- Church: Catholic Church
- Diocese: Diocese of San Bernardo
- In office: 13 July 1987 – 10 October 2003
- Predecessor: Diocese erected
- Successor: Juan Ignacio González Errázuriz
- Previous posts: Bishop of Los Ángeles (1970-1987) Titular Bishop of Burca (1968-1970) Prelate of Calama (1968-1970)

Orders
- Ordination: 10 March 1951 by Eduardo Larraín Cordovez [es]
- Consecration: 19 May 1968 by Francisco de Borja Valenzuela Ríos

Personal details
- Born: Orozimbo Fuenzalida y Fuenzalida 22 May 1925 Rancagua, O'Higgins Province [es], Chile
- Died: 27 March 2013 (aged 87)

= Orozimbo Fuenzalida =

Orozimbo Fuenzalida y Fuenzalida (22 May 1925 - 27 March 2013) was the Catholic bishop of the Diocese of San Bernardo, Chile.
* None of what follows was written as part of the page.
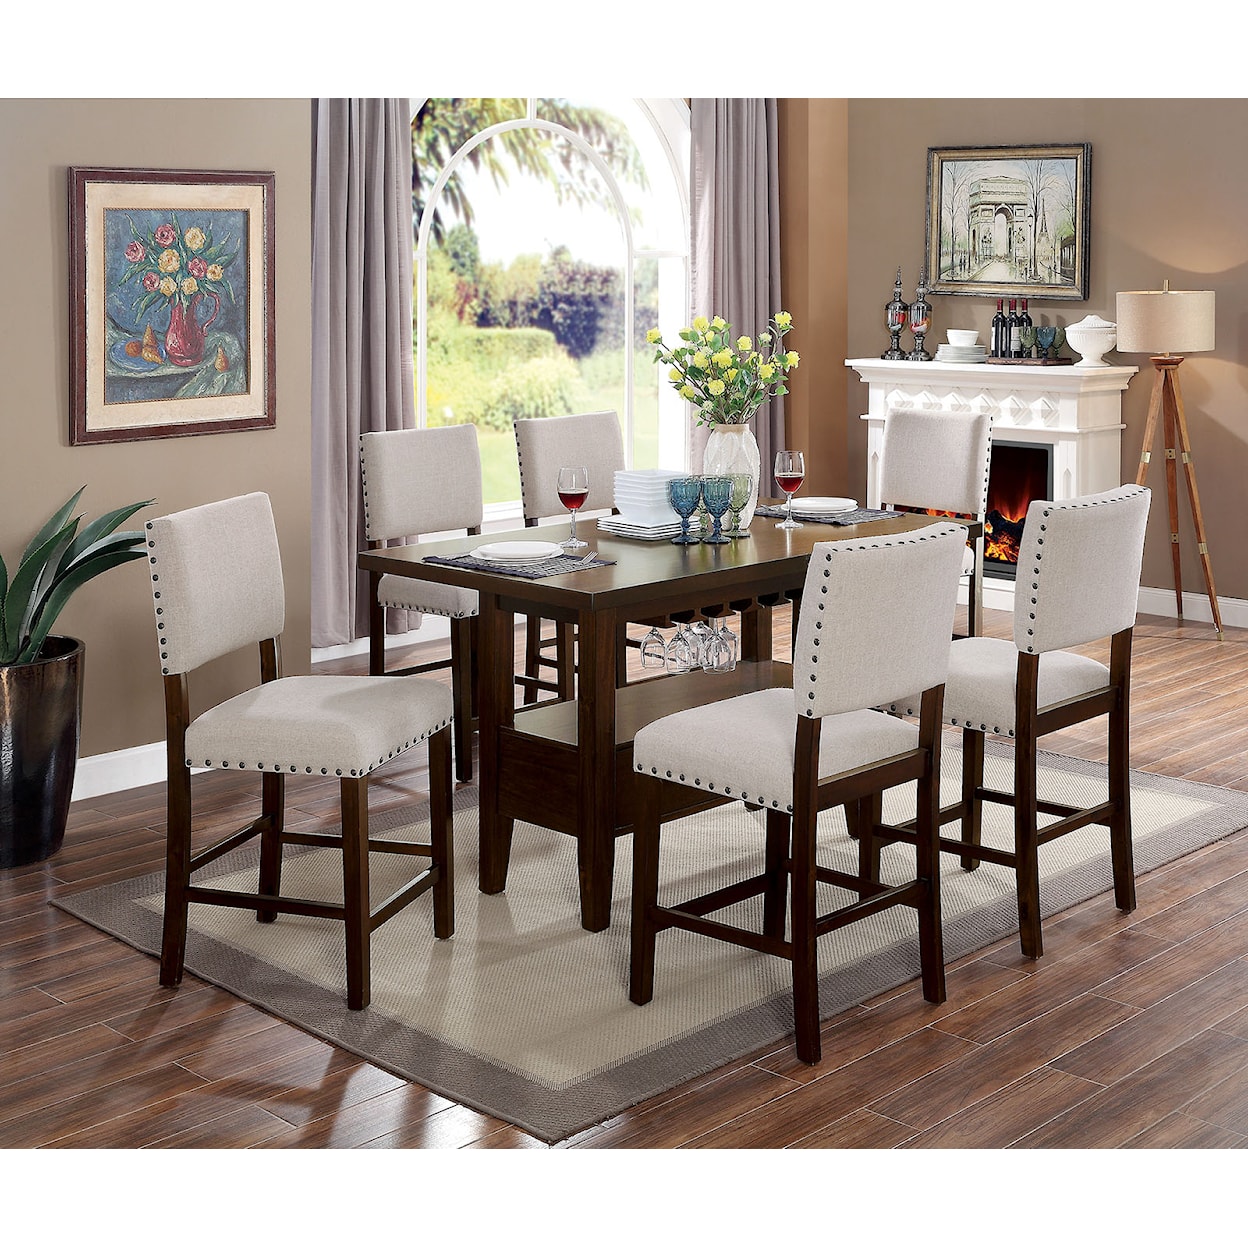 Furniture of America Lordello 7-Piece Counter Height Dining Table Set

Ordained to the priesthood in 1951, Fuenzalida y Fuenzalida was named bishop in 1968 and retired in 2003.

He was Prelate of Calama and Titular Bishop of Burca from 1968 until 1970, Bishop of Santa María de Los Ángeles from 1970 until 1987, and Bishop of San Bernardo from 1987 until 2003.